Viennese chair
The bright illumination on the scanty furniture, consisting only of Viennese chairs, the bare walls, and the common white muslin window-curtains, gave the somewhat spacious room a very empty and deserted air.
Ilya Efimovich Repin’s memoir — “Far Away, Close By” — also mentions “Viennese chairs”,
There were many guests when we entered the spacious suite of rooms furnished exclusively with Viennese chairs.

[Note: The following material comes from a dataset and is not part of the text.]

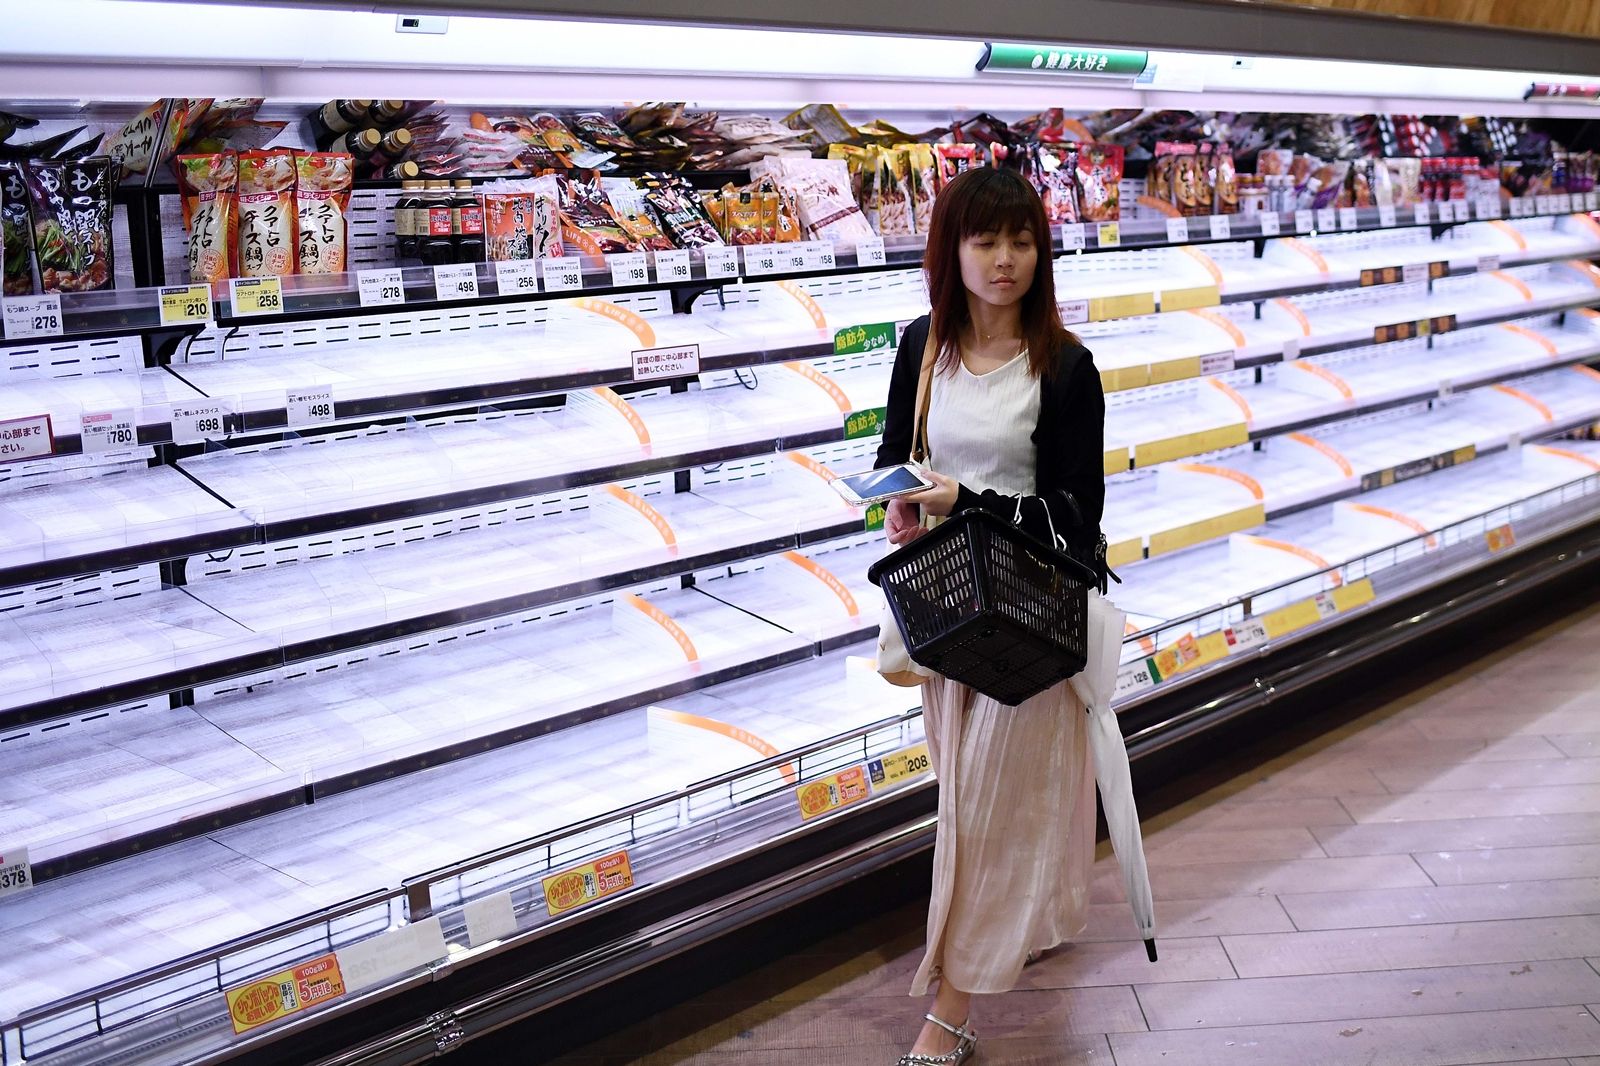 คนญี่ปุ่นกักตุนสินค้าก่อนพายุไต้ฝุ่นฮากิบิสซัดขึ้นฝั่งจนเชลฟ์วางของในห้างสรรพสินค้าโล่ง
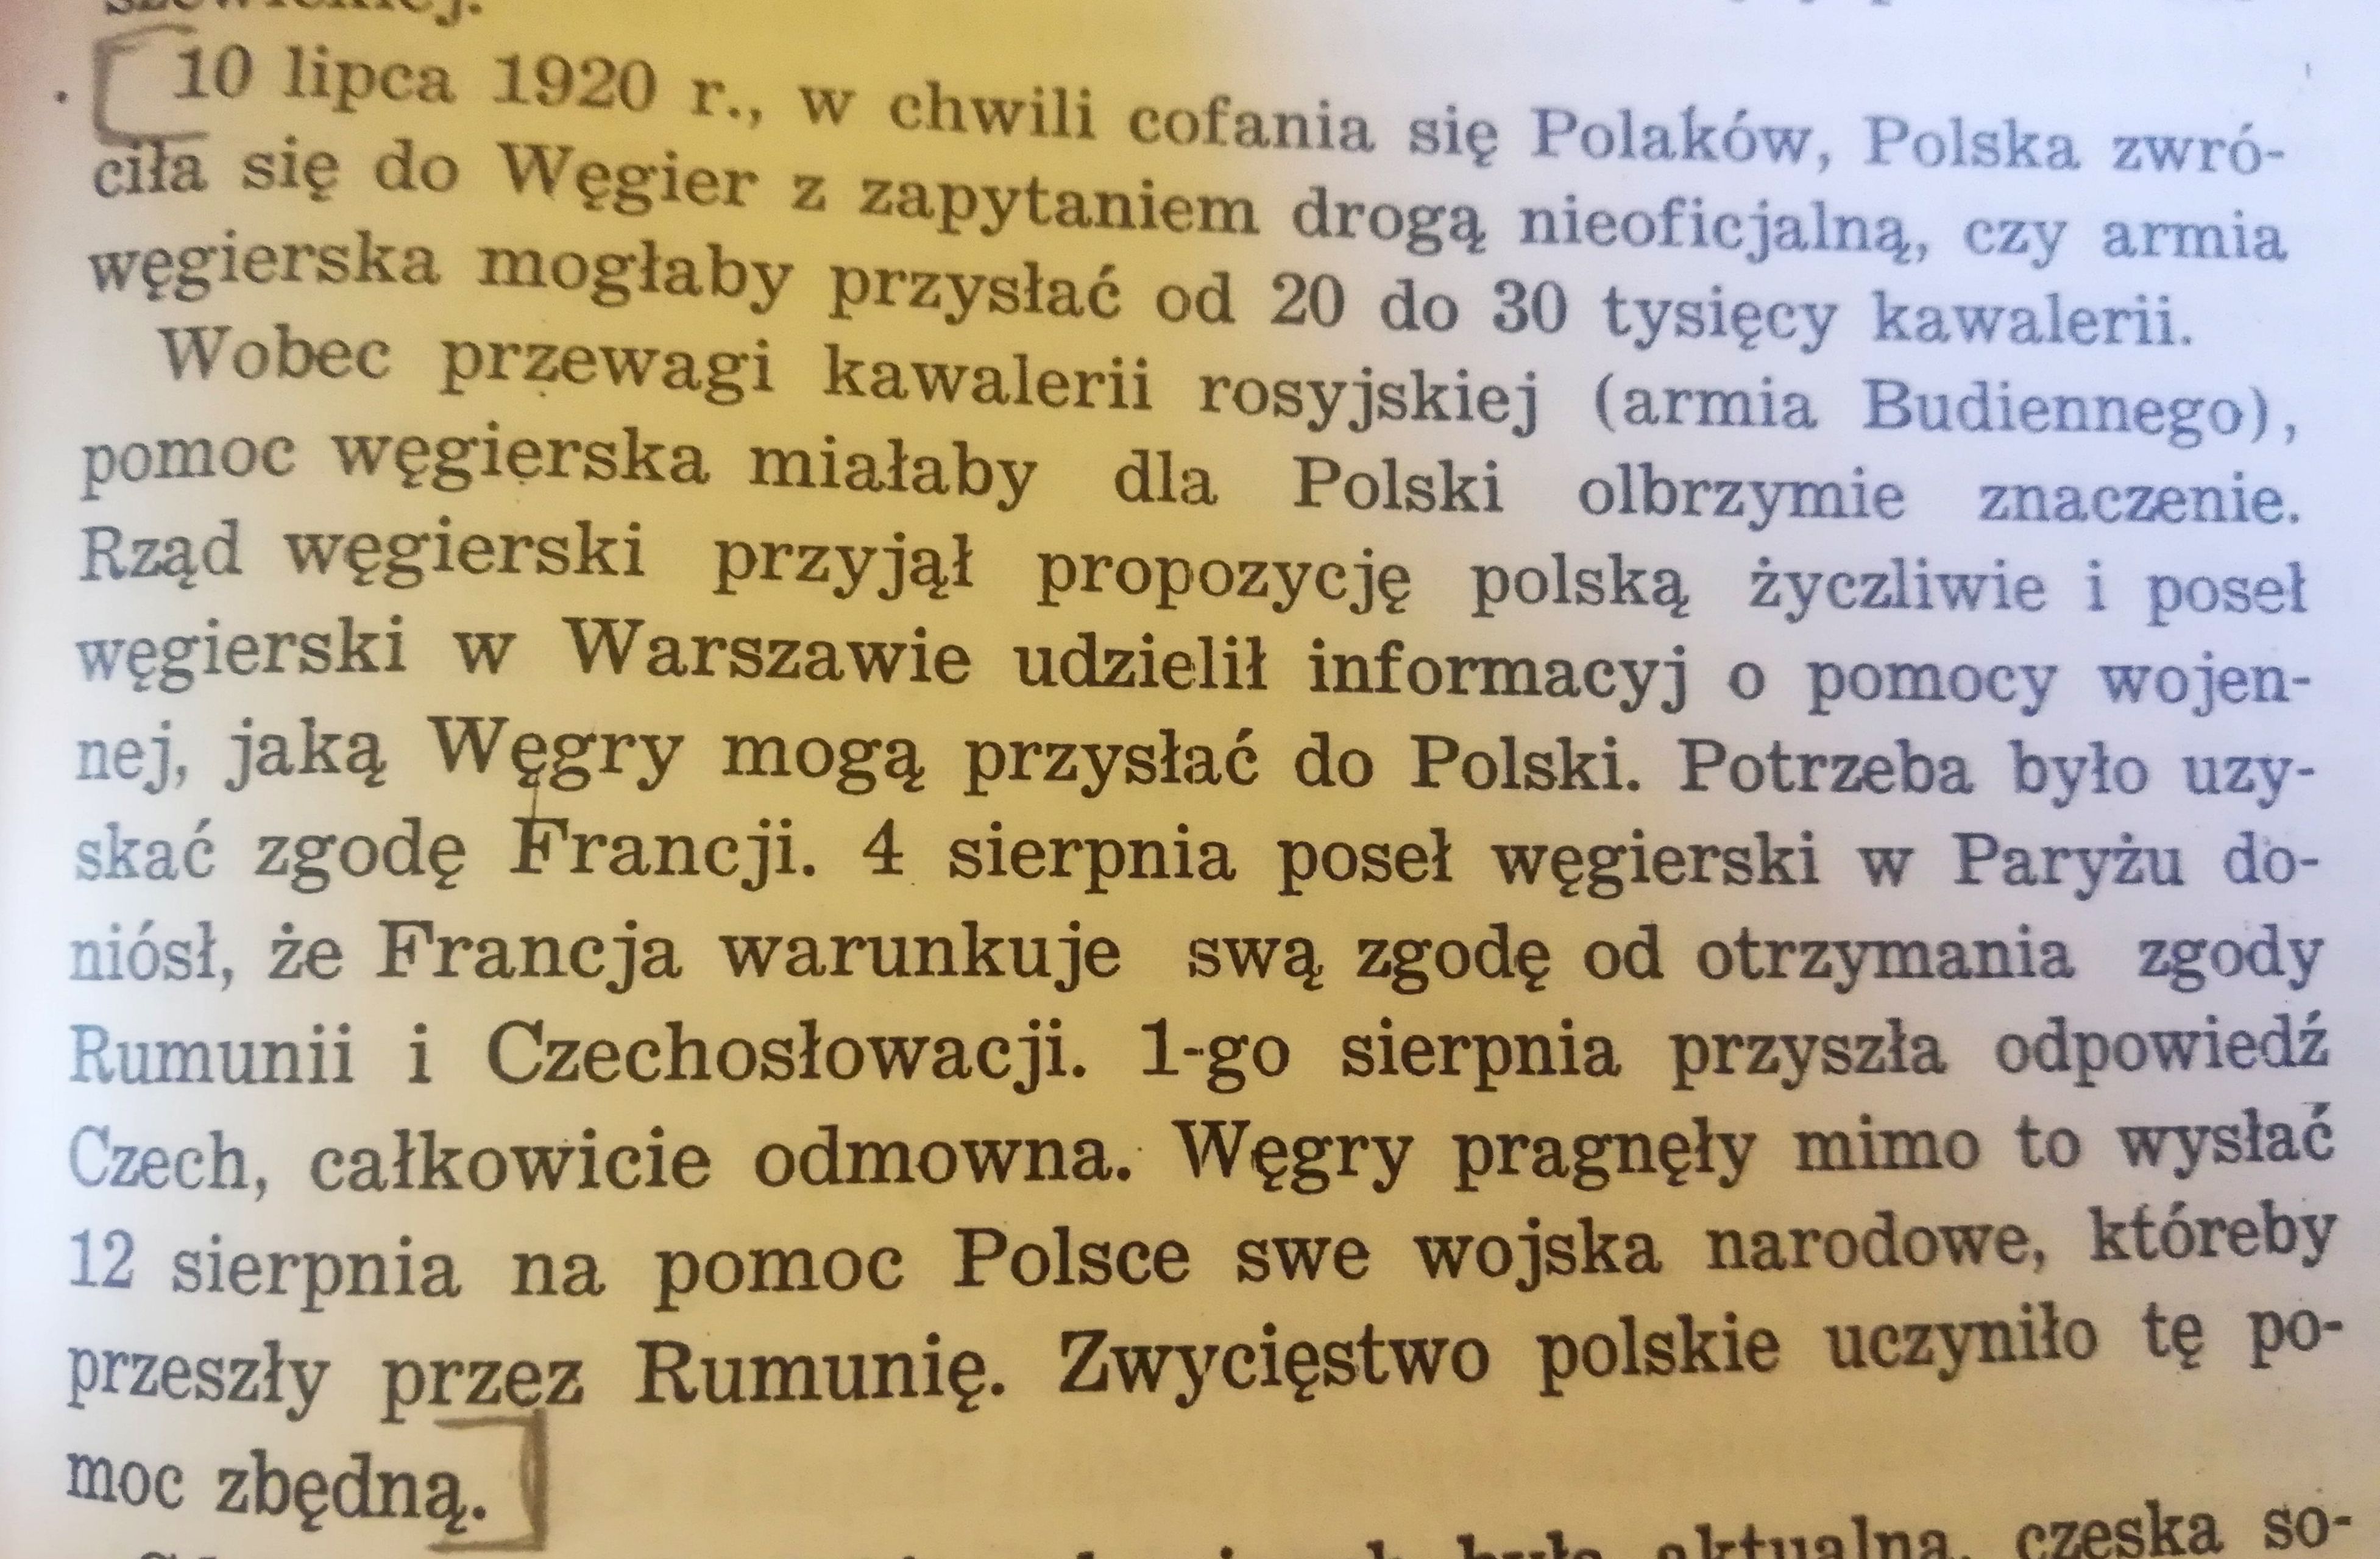 10 lipca 1920 Polska zwróciła się do rządu Węgier, czy mógłby przysłać 20-30 tysięcy kawalerii. Węgry odpowiedziały ...

Yet another mention can be found in Alexander Grin’s short story — “The Adventures of Ginch”:
The office is cluttered with a plethora of papers, folders, cardboard boxes, and sets of old humor magazines. There is also a large unpainted desk, several Viennese chairs, a small cabinet, and a mandolin on a couch. There is a broken whip lying on the floor and newspapers, — all this is giving the impression of a messy room for conducting business.
This chair entered the collection of the Rybinsk Museum in 1992. Previously, it belonged to Anna Nikolayevna Annikovskaya, who was a distant relative of Aleksey Alekseyevich Zolotarev, a priest of the Transfiguration Cathedral. The chair is made of beechwood and plywood. It is assembled using square head bolts and screws, with the heads of these screws hidden by wooden inlays in prominent areas.